DESCRIPTION (provided by applicant): Transcription and processing of ribosomal RNA genes (rRNA) are intimately linked to processes that control cell growth and proliferaton. Expression of rRNA is regulated by multiple signals such as nutrient availability, growth factors and cellular stress. Not surprising, increasing evidence suggest that large changes in the up-regulation of rRNA synthesis may be one of the most important signatures of cancer cells. Transcription Terminator Factor (TTF-I) is an essential factor in rRNA transcription that also determines the overall architecture of the rDNA promoter. TTF-I orchestrates the epigenetic state of both active and silenced genes through the recruitment of different set of chromatin remodelers and modifiers. In active rRNA genes, TTF-I binds to the terminator T0 site and recruits Cockayne Sindrome Protein B (CSB) that in an ATP dependent reaction modifies the position of nucleosomes in the promoter and activates transcription of the gene. In addition, TTF-I can recruit the Nucleolus Remodeler complex (NoRC) to have the opposite effect in transcription and promotes rRNA gene silencing. Although many details about the general features of each mechanism are known, a mechanistic view of the role of TTF-I in the epigenetic regulation of rRNA genes at the atomic level is lacking. In this new R21 we proposed to develop a system to understand: 1) How TTF-I binds chromatin templates and the structural changes occurring after this initial binding and 2) How TTF-I recruits CSB and the changes that occur upon recruitment in the position of the nucleosomes. We will use a combination of functiona assays to map the interactions of TTF-I and CSB and a hybrid structural approach combining X-ray crystallography, single-particle reconstruction electron microscopy (EM) and small-angle x-ray scattering (SAXS).

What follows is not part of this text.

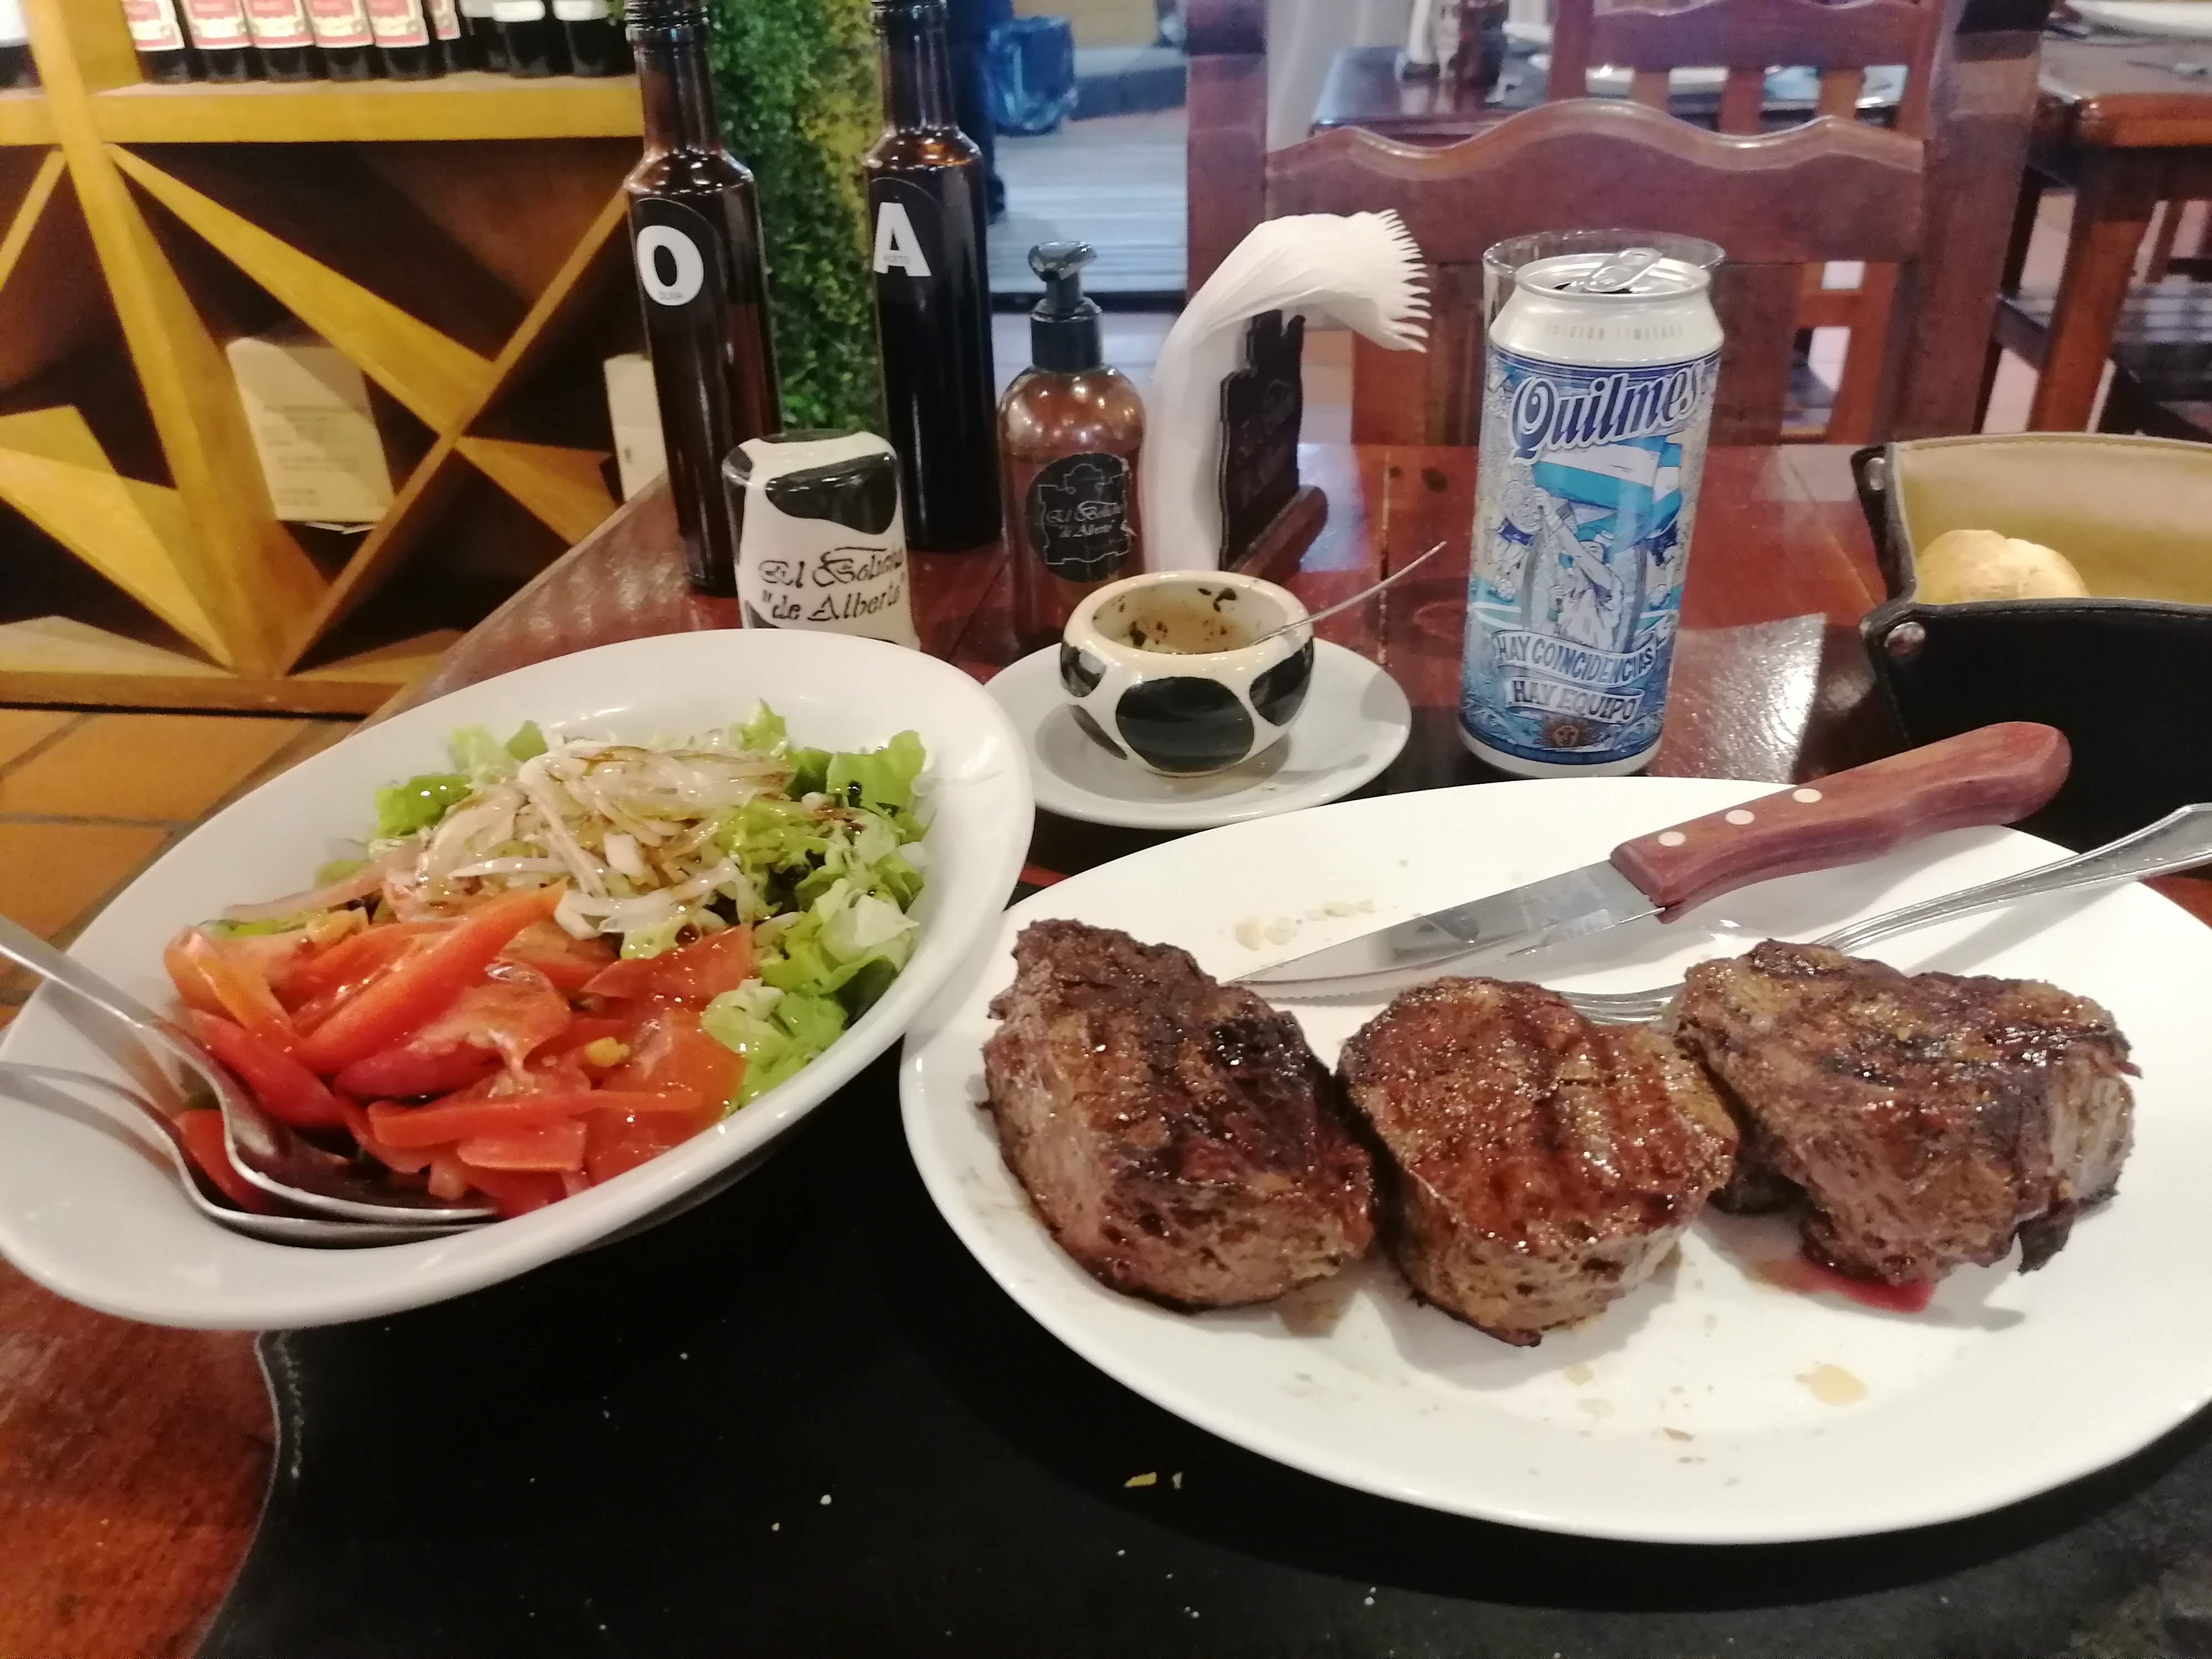 Argentina steak

In addition to obtaining for the first time a detailed viw of the remodeling complexes and the changes leading to the activation of rRNA genes, the system developed in this application will lead us into future studies of gene silencing by th recruitment of the NoRC complex and the protein complexes that regulate the cellular abundance of TTF-I such as its interaction with tumor suppressors ARFp19 and MDM2. This work will be in close collaboration with Dr. Montserrat Samso that will provide expertise in single-particle reconstruction EM and Dr. Deepak Bastia that will provide technical help in the biochemical assays.

描述（由申请人提供）：核糖体RNA基因（RRNA）的转录和处理与控制细胞生长和增殖的过程密切相关。 rRNA的表达受养分可用性等多种信号的调节 因素和细胞应激。毫不奇怪，越来越多的证据表明，rRNA合成上调的大量变化可能是癌细胞最重要的特征之一。 转录终结因子（TTF-I）是RRNA转录的重要因素，它也决定了RDNA启动子的整体结构。 TTF-I通过募集不同的染色质重塑剂和修饰剂的募集来策划活性基因和沉默基因的表观遗传状态。 在活性rRNA基因中，TTF-I与终结剂T0位点结合，并募集Cockayne sindrome蛋白B（CSB），在ATP依赖反应中，核小体在启动子中的位置修饰并激活基因的转录。 此外，TTF-I可以募集核仁重塑仪（NORC）在转录中具有相反的作用，并促进rRNA基因沉默。尽管已知有关每种机制的一般特征的许多细节，但缺乏TTF-I在原子水平上rRNA基因表观遗传调节中的作用的机械观点。 在新的R21中，我们建议开发一个系统来理解：1）TTF-I如何结合染色质模板以及这种初始结合后发生的结构变化； 2）TTF-I如何募集CSB以及在核体位置募集时发生的变化。 我们将使用功能A分析的组合来绘制TTF-I和CSB的相互作用以及结合X射线晶体学，单粒子重建电子显微镜（EM）和小角X射线散射（SAXS）的杂种结构方法。 除了首次获得重塑络合物的详细viw以及导致rRNA基因激活的变化外，在本应用中开发的系统还将导致我们通过募集NORC复合物和蛋白质复合物和蛋白质复合物的未来对基因沉默的研究，这些蛋白质复合物调节了TTF-I与TTF-I的细胞丰富性，例如与TTF-I的细胞丰富性，例如与TTTF-I相互作用的undor pessress 29和Arfpp的相互作用。 这项工作将与Montserrat Samso博士密切合作，该博士将提供单粒子重建EM和Deepak Bastia博士的专业知识，这些知识将在生化测定中提供技术帮助。